The golden age of credit card fraud is drawing to a close

in security on (#2SZD)
The US is about to finally embrace the secure chip-based authentication system called EMV—the standard was pioneered by Europay, MasterCard, and Visa—that the rest of the world has already adopted. Pushed by mounting fraud costs, credit card companies have crafted incentives for merchants to switch to the sophisticated readers needed to accept the cards. “There was a lot of skepticism about whether it would ever happen in the US,” says Michael Misasi, an analyst with the Mercator Advisory Group. “All of the data breaches that have happened have woken people up, and progress has been accelerating this year.” The first serious milestone is October 2015. By 2020 the swipe-and-sign magstripe reader will be as hard to find as the credit card impression rollers they supplanted.

The end is nigh for online credit card fraud, too. Systems like Apple Pay and Visa’s newly announced Visa Token Service (something Discover, Bank of America, Citibank and American Express offered several years earlier) accomplish the same security goals as EMV, but also work online. They replace the static credit card number with a temporary token that changes every time.

Finally, the modern age (Score: 3, Funny)

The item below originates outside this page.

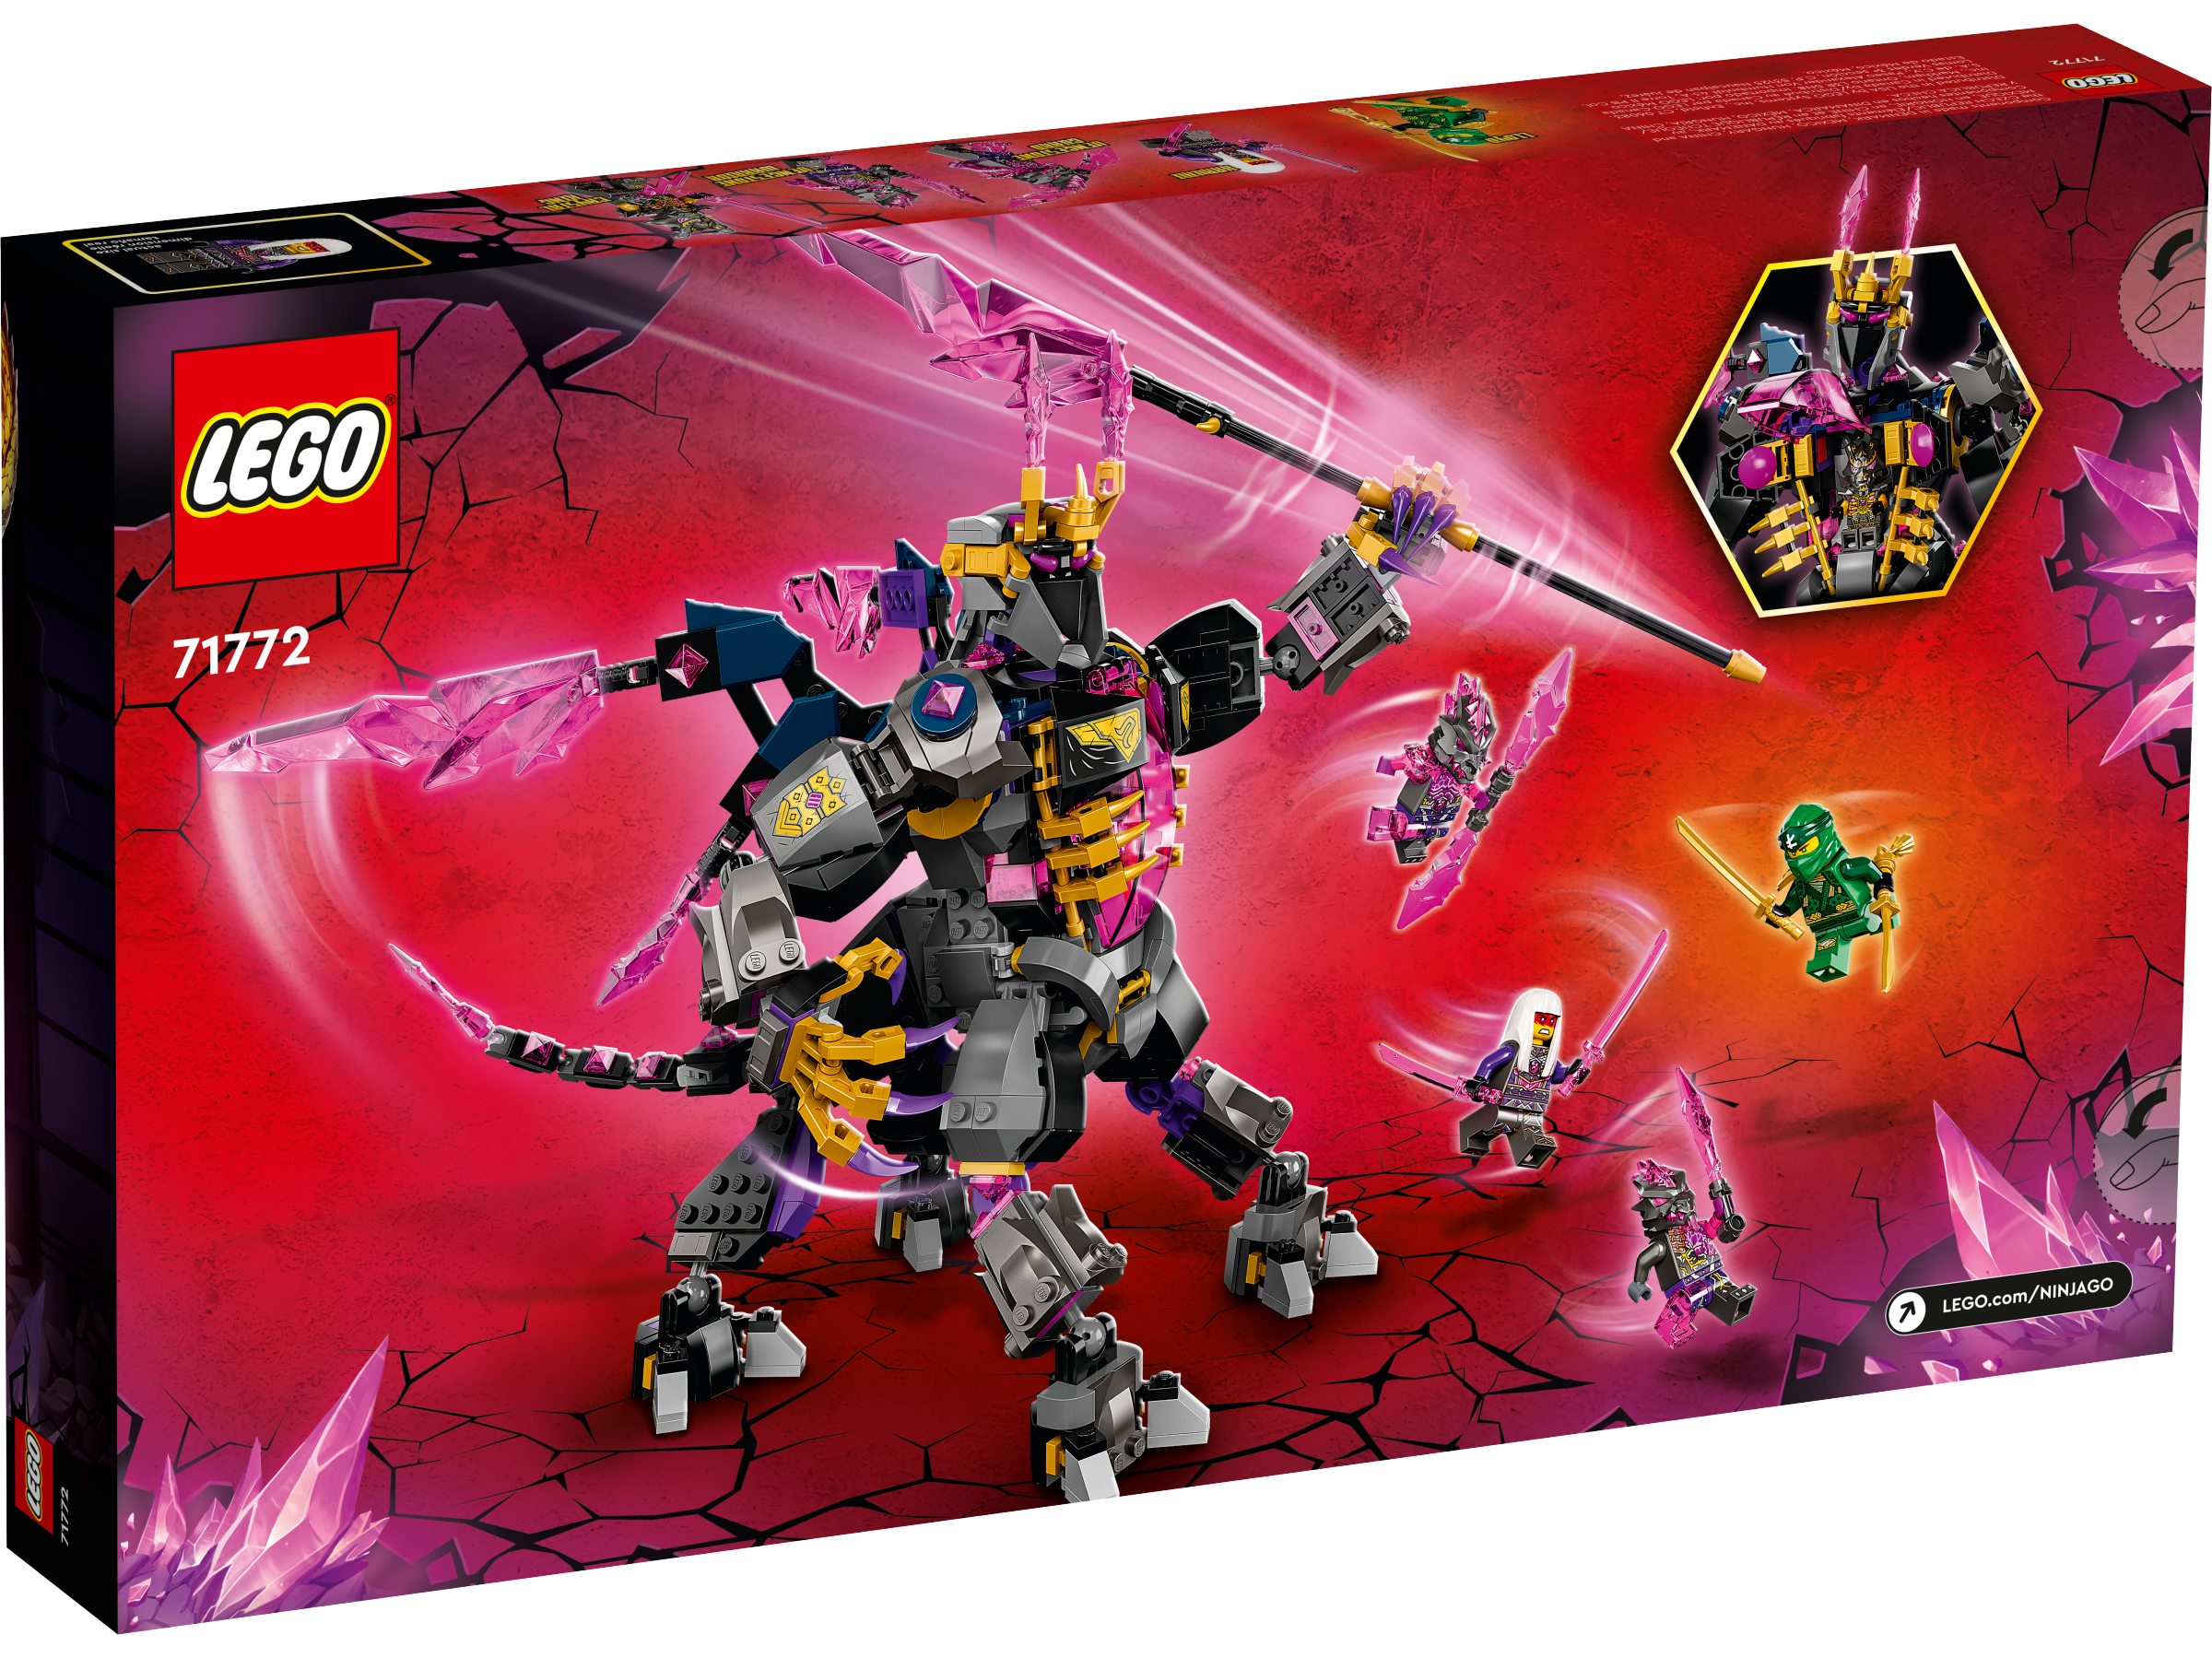 LEGO Ninjago: The Crystal King
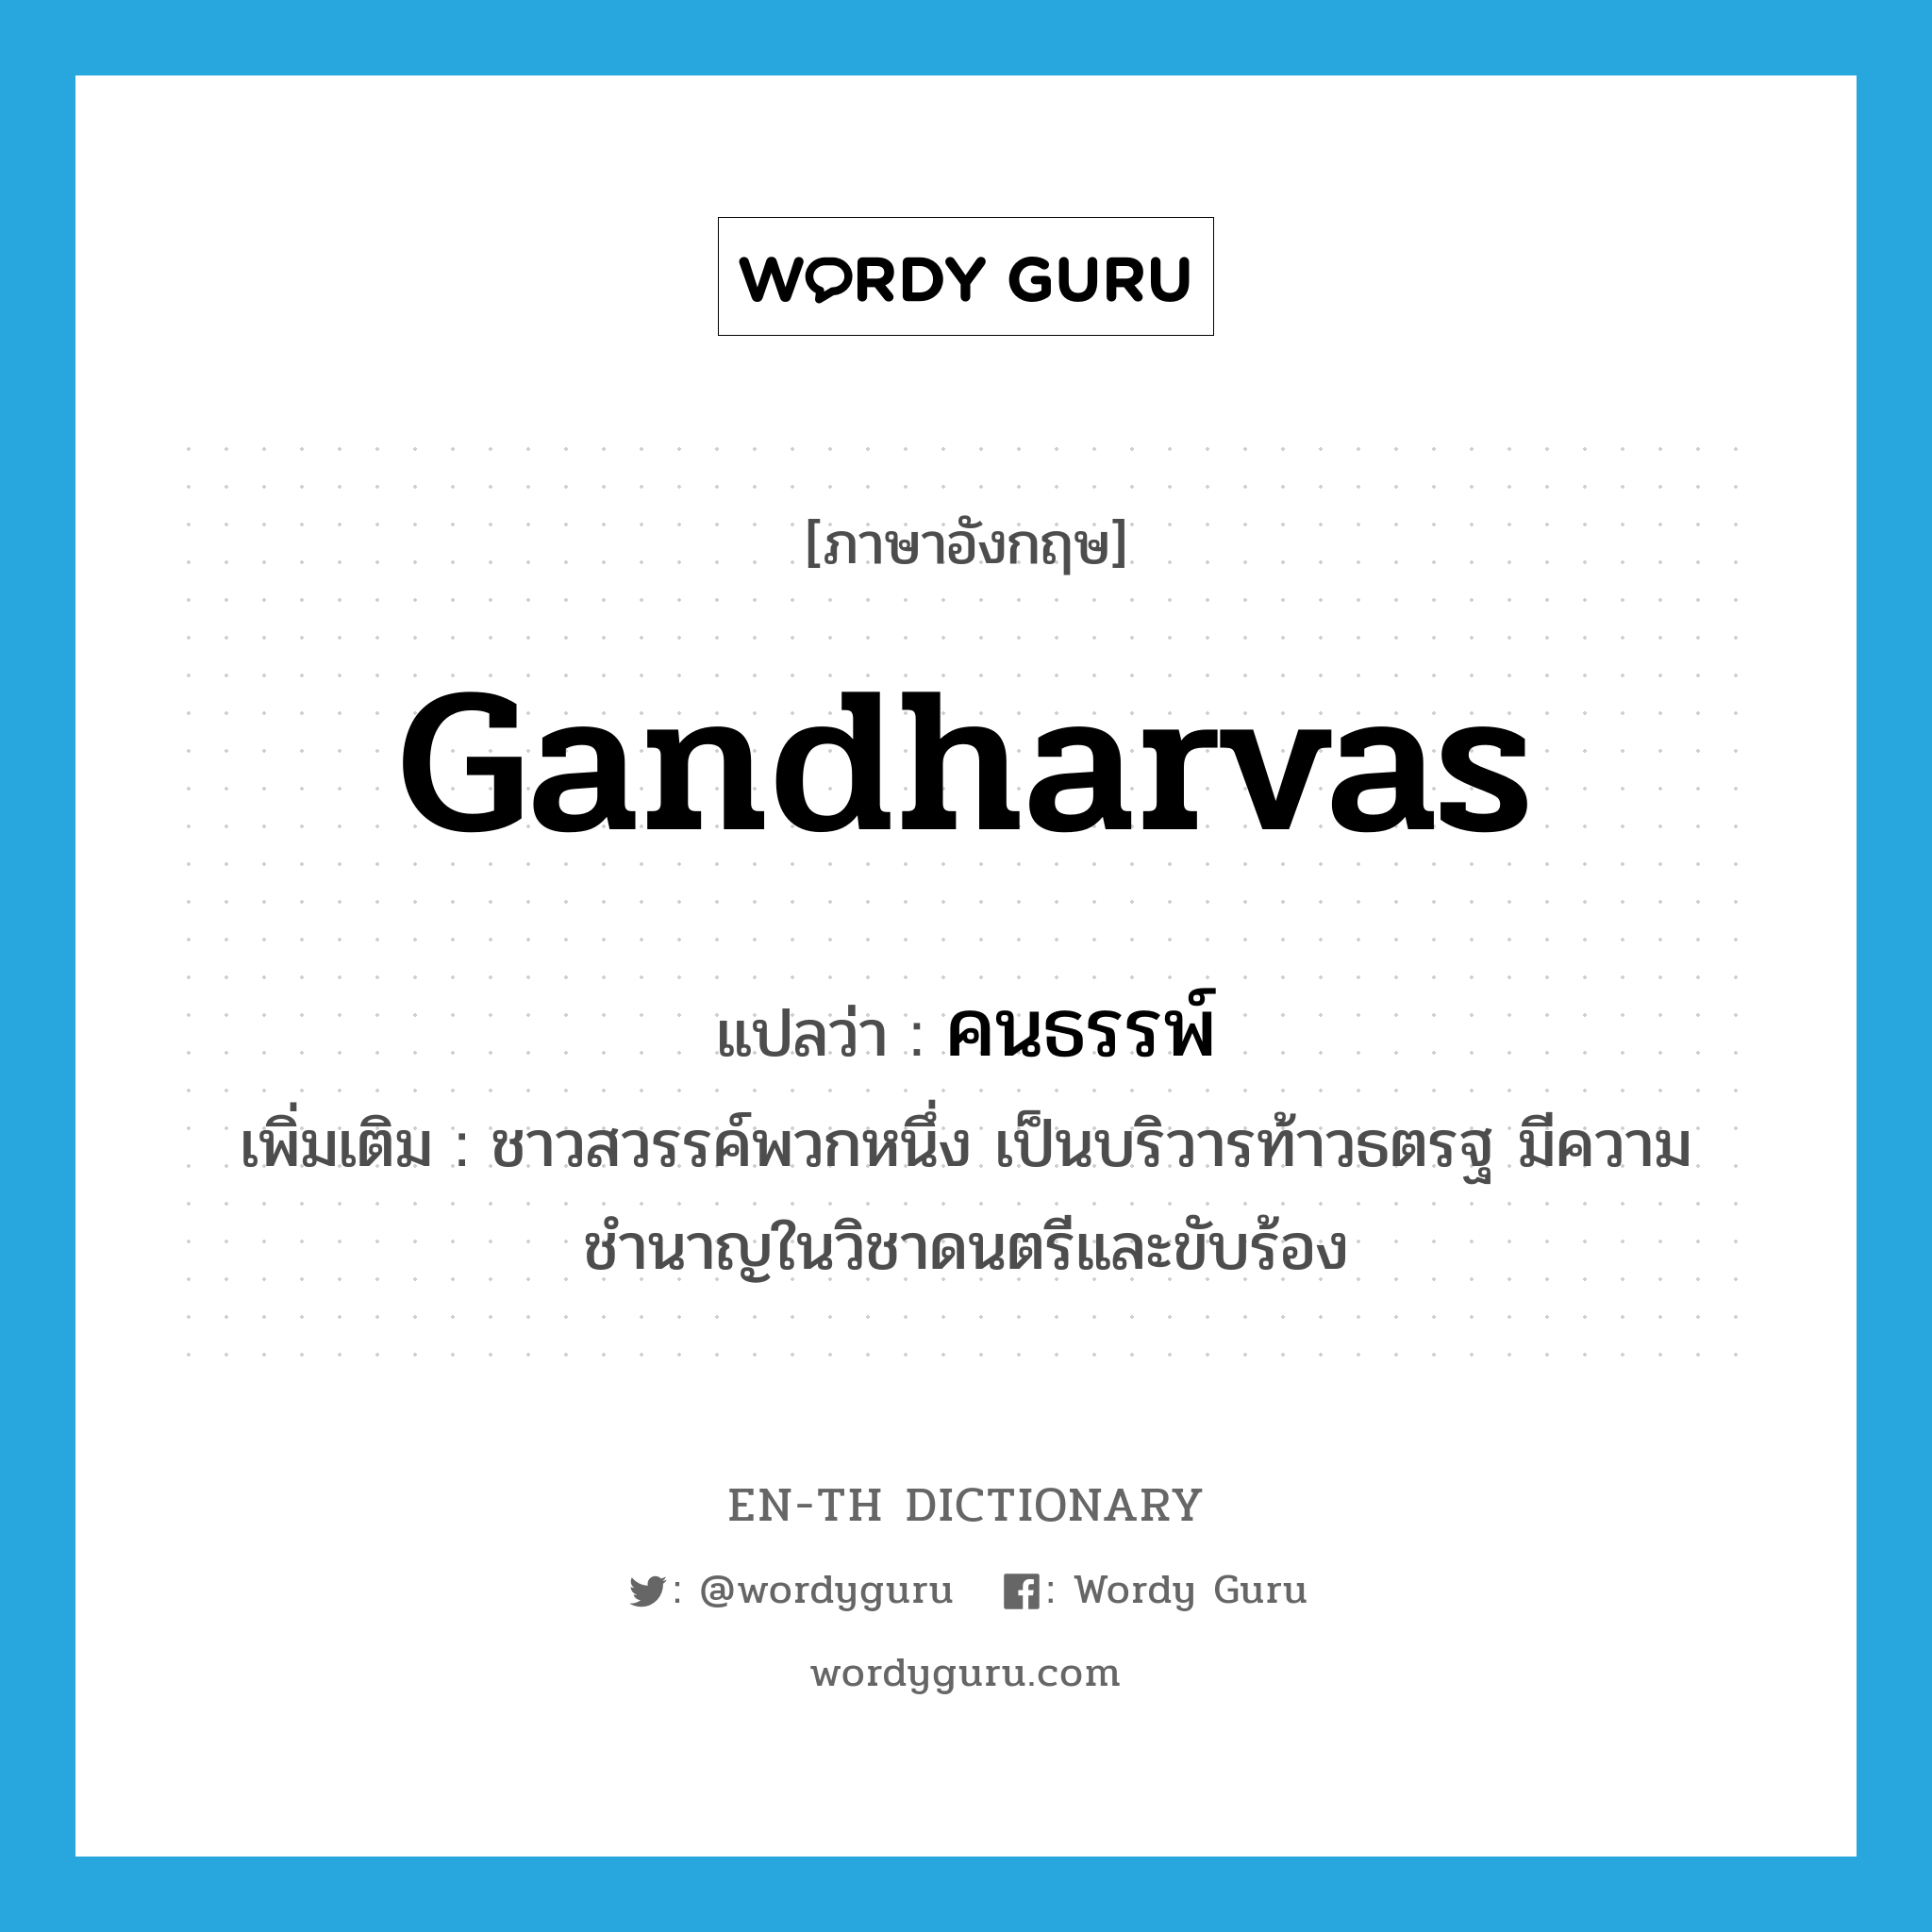 Gandharvas แปลว่า?, คำศัพท์ภาษาอังกฤษ Gandharvas แปลว่า คนธรรพ์ ประเภท N เพิ่มเติม ชาวสวรรค์พวกหนึ่ง เป็นบริวารท้าวธตรฐ มีความชำนาญในวิชาดนตรีและขับร้อง หมวด N

by on 2014-09-27 20:23 (#2SZH)

I traveled extensively in Europe this year and bumped into a lot of ATMs where my non-chipped American credit card was totally worthless. About time the Americans joined the modern world. As for the golden age of credit card fraud coming to an end, I'm not so sure. They can't make a carbon copy of my credit card at the restaurant anymore, but now they can camp onto my wireless, hack my router, decrypt my HTTPS connection, steal my identity, post revenge porn of me all over 4chan, trash my email, steal my bank password, and transfer my bank balance to an undisclosed location in the Cayman Islands. While they're at it they can see if I reused passwords, hack my server, and use my Yahoo account to tell all my friends I got kidnapped in Greece and will they please wire some money to that account I never mentioned in the Cayman Islands?

I kind of feel like we're out of the frying pan and into the fire.